Brooke Burke

Brooke Burke Almost Bikini Top Drop Is Almost Awesome

The Brooke Burke bikini vacation continues in the South of France with even more asstastic, more MILFtastic delights, and an almost-awesome wonderment of a dropped bikini top from the former E! Hostess and world’s most prodigious hot mama. I call Brooke Burke ‘five tears’ because of how many droplets of happiness stream down my cheek every time I see Brooke  in hardly any clothing.

Give me a woman with a hot tan, a killer body, and the wisdom of a few years any day and I’ll be quite gracious. Enjoy.

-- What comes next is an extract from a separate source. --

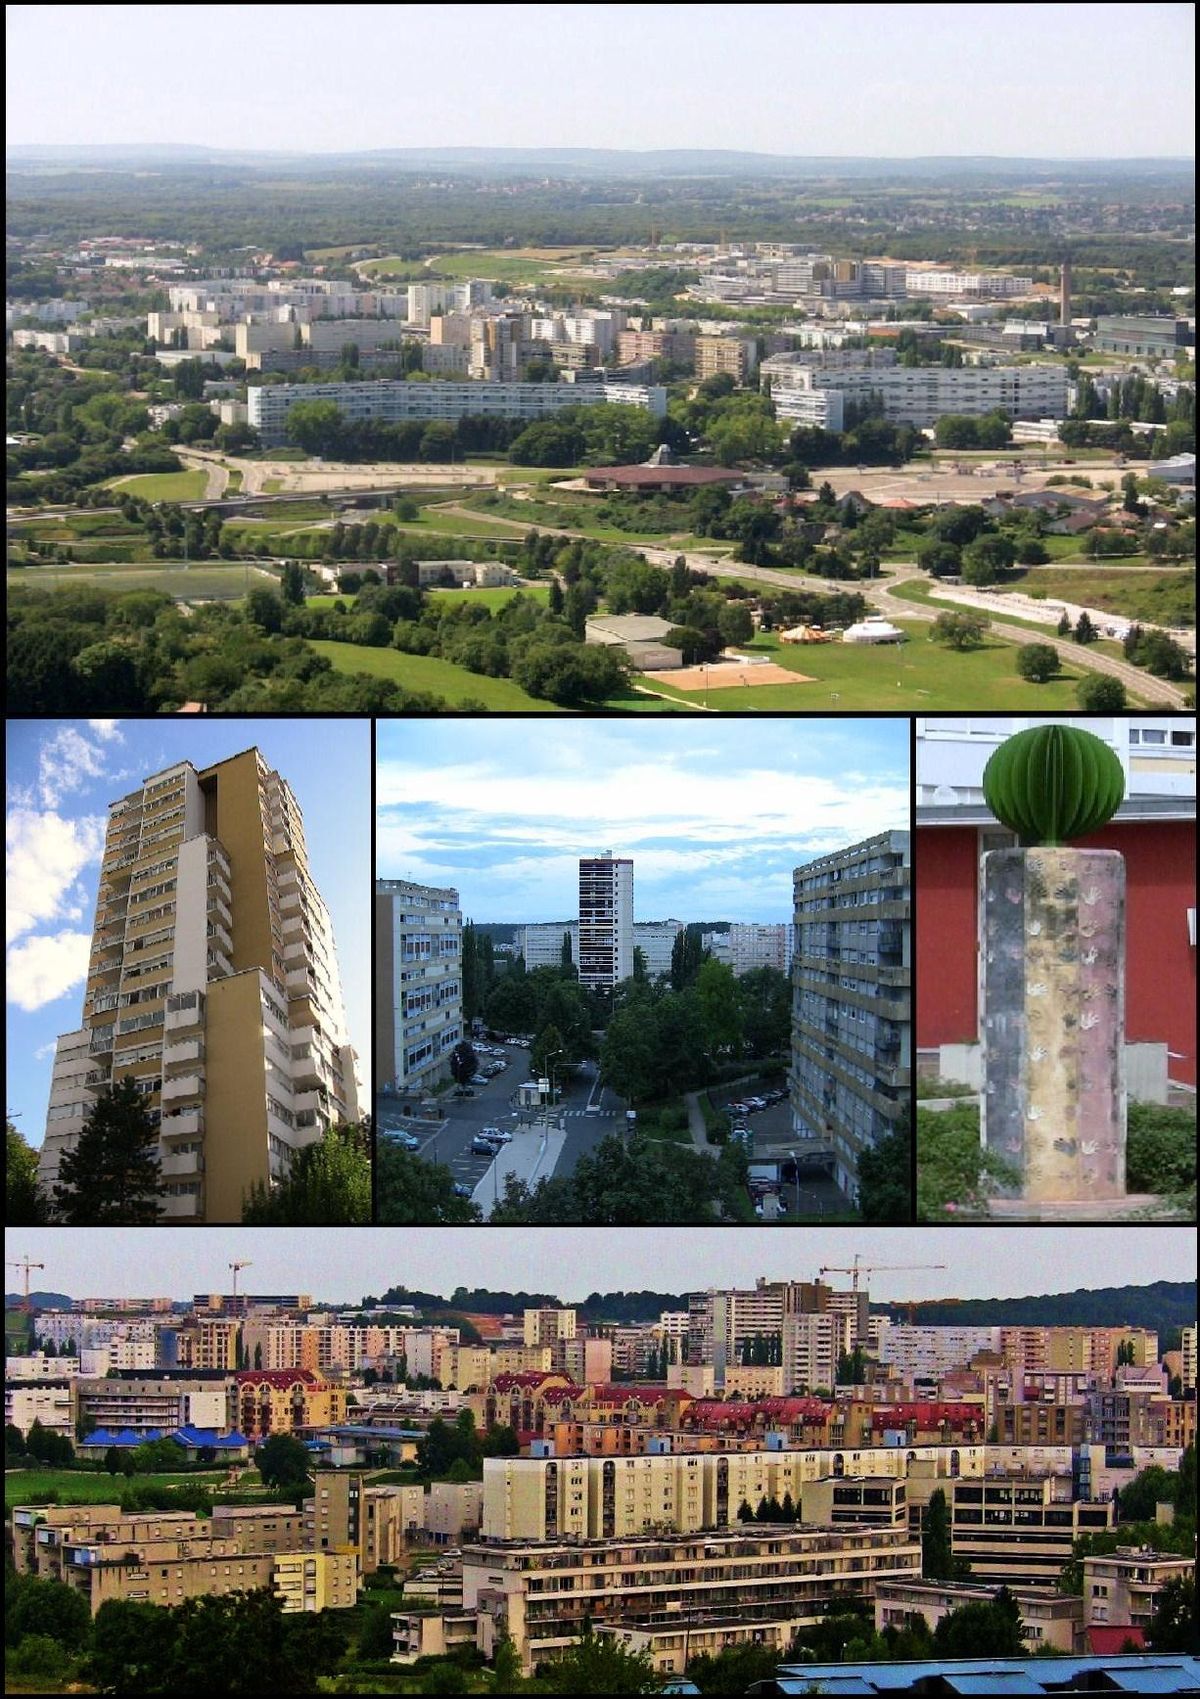 De haut en bas et de gauche à droite : Planoise depuis Rosemont, la tour de Planoise, les Époisses, la statue de la diversité et vue du quartier depuis la colline de Planoise.

Brooke Burke Bikini Pictures Heat Up the Tropics

Not to be outdone by Erin Heatherton on the very same island, Brooke Burke took to the shorelines of the Caribbean with her husband (who killed a bulk of our great photos of Brooke, thanks, douche) to flash her inexplicably hot MILFtastic bikini body and mostly just make every other woman on the beach insanely jealous. Brooke Burke seems completely untouched by Father Time and Mother Baby; it’s quite possible she even birthed out six more pups on this very same vacation, but still manages to look ridiculously sexy in her skimpy swimsuit. It’ truly a blessing not in disguise. Enjoy.

Brooke Burke Works Her Body And Blows Your Mind

Did I mention today was ridiculously hot MILFtastic Tuesday? It’s official now, with these Malibu beach workout pictures of Brooke Burke, and a guy who actually gets paid to build and rub her muscles (as if I wouldn’t give my life’s fortune, or approximately $17. to have that job), stretching, shaping, and toning one of the hottest mom bodies in Hollywood. I always joke about Brooke Burke having had twenty-seven children, not true. But she has pushed four puppies down Reproductive Boulevard and, well, her body is downright extraordinary. Undoubtedly, the most flexible woman on the PTA and a celebrity hotties whose every lunge, crunch, and squat, lives forever in my libido. You go, Brooke. Enjoy.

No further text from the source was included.